8 yo son driving us nuts- advise please! Lock Rss

Hi,
Our 8 yo son is driving us nuts with his behaviour and nothing we do seems to be working. He lies, and is deceitful and was recently caught stealing (this was punished by grounding for 1 week with no tv, dessert, no riding bike or playing with friends, loss of pocketmoney, extra chores, had to write letter of apology and paid postage to return items).
His other behaviour is hitting or kicking his 3 yo brother when we can not see him. He is lazy and does not tidy his room but instead throws things behind boxes which I then find at a later date.
Lossing privledges doesn't seem to be working, and last night for the first time in years he was smacked for repeatedly back-chatting (which is another of his traits). This was the last straw for my DH and I as we are pulling our hair out to find something that works with him, and we don't usually smack our kids.
I am at the stage right now where I want to empty his room of all his toys and books until he can learn to be responsible and behave properly.
Can anyone PLEASE help? I dread knowing he is coming home from school as I know his back-chatting, and general bad behaviour will begin again.
And to top if off, at school he is an excellent student, and behaves beautifully for his teachers!!
Thanks for listening.

Mum to Jack 8, Zane 3 & Angus born 06//09/07

Hi
You poor thing. It can be so stressful sometimes. How long has it been going on for. There are no problems at school for him are there. He is not being bullied or anything is he. It could be that he is and just not telling anyone. One other thing it could be that he is experiencing difficulty with the new bub. Maybe he feels that he is being left out. I know that my kids felt a little left out when our DS#3 was born. My teens felt like they were being told to wait all the time and my toddler just did not know how to cope and he really acted out. He is just staring to settle now,that is because I have the little one in a routine now and we are back to normal a bit. I know it can get you down when you don't know what is going wrong but take heart. They all go through this I think. He is old enough to sit down and talk to. If you find you can't maybe there is someone else he might talk to like an older cousin, aunt or uncle or maybe the teacher at school. Then at least you might find out if there are any problems he might not be telling you. He could feel like mum does not love him or care for him as much. NOT that it is true but you don't know what he is thinking. He might be resentful towards the younger ones for taking mum away from him. Maybe you need to have time for you and him alone. Even if is 10mins when he does not have to share mum. He might be stealing just to get your attention. Any attention be it good or bad.

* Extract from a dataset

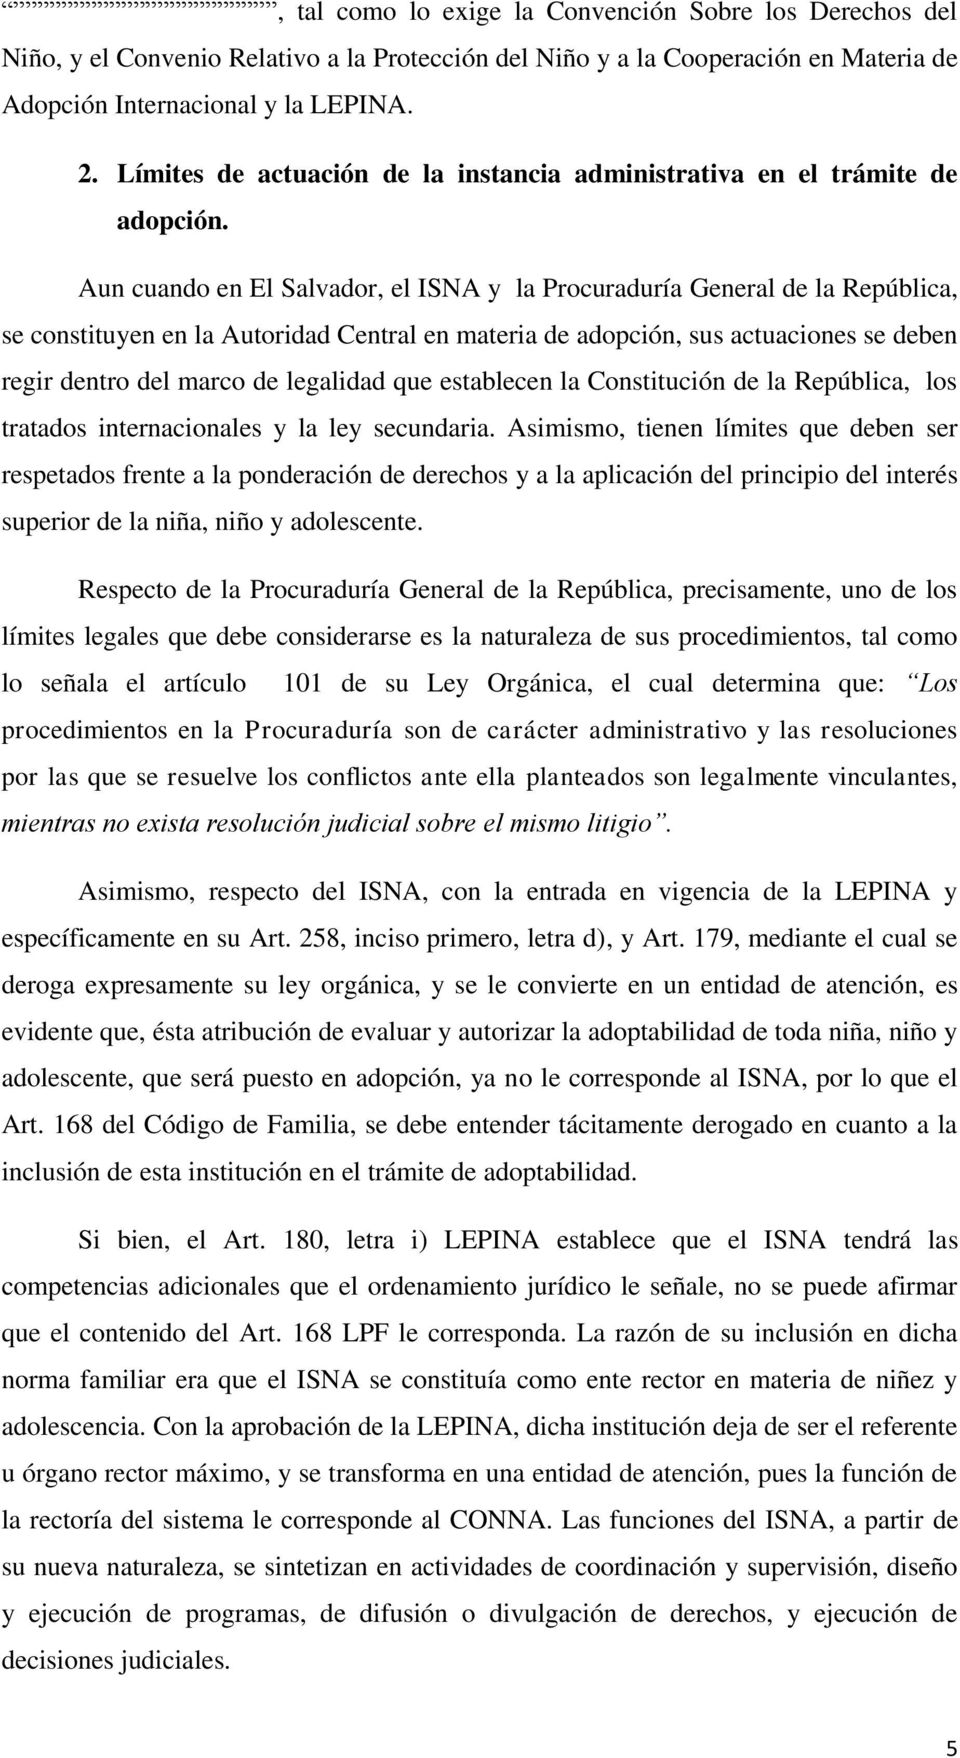 Aun cuando en El Salvador, el ISNA y la Procuraduría General de la República, se constituyen en la Autoridad Central en materia de adopción, sus actuaciones se deben regir dentro del marco de

I am not sure of the problem but I hope I have helped at least a bit. Remember that you are not alone, lots of people go through this thing all the time and the kids turn out fine. As long as you can rule out any major concerns on his part. Just keep up the loss of privileges and grounding. It will work eventually.

Good Luck and Take Care
Rachel

My DD now 9 started similar behaviour at that age and my nephew, the same age as my daughter, is the same. It seems to be a thing common to the age group where they see how far they can push. It is a hard time and sometimes nothing seems to work. I can talk to my DD and punish her by not letting her go to the disco or party etc and the following week she will do the same thing.
I found that her biggest problem is lying and blaming others for anything that happens.
I find they only thing that seems to make an impression is to talk to her, away from her brothers. I ask her how she would feel if someone did to her what she has done. Ie called names or lied. I make her think about it and then explain to me what she thinks she would feel. This puts her in other peoples shoes and hopefully, maybe, eventually make her think abour her behaviour.

It is hard and try to stay strong.

Good Luck

currently being updated please check back later.

I feel for you. We have had the same problem with our 8 year old son the only thing is we have had it since he was 5yrs. There could be so many different reasons for his behaviour. He could be jellous. All the things you have done me and my husband done too and much much more..I think the back chatting is really annoying and really frustrating. Sometimes our boy did it for attention didn't care if it was bad or good attention. It is very frustrating i know. We emptied his room it worked for awhile then he didn't really care as he just thought oh well being naughty gives me more attention. I bet you felt like crap after smacking him too. The only thing i can suggest is ring the youth mental health services and see if you can get some help through them that is what we are doing and the person we see are not judgemental at all and they realise people need help. Also try dad to have say a couple of hours 1 on 1 with him on the weekend that may help, if its possible tho as some families are really busy. Not saying he doesn't already do it but it mite help him and it gives you a break as i know how hard and stressful it is. Also don't be afraid to say to others who may have him that this how we are approaching things can you please help by doing it our way, as he might start to try and play people against each other thinking it will keep him out of trouble.

I hope it helps i know its hard but try to keep positive.
wow, he sounds just like my 9 yr old. We emptied his room of toys and books etc, too and it didn't make a diff, except his room was tidier hehehe.

I reckon he may be bored (my son) as we don't get out enough for him to burn up his neverending energy.

I know i might be difficult but if you have a small bub he will be craving the attention. Can you arrange for some time either after bub has gone to bed or on the weekend when you can spend special time with him ask what he wants to do and as bub gets older involve him as well but still make the time about your son. Get him involved in family time as much as you can. Maybe you can ask him what he wants for tea then get him to help you make it or something nice for dessert (once his punishment ends of course you can have double standards). Time with dad might be good maybe a boys only camping trip etc.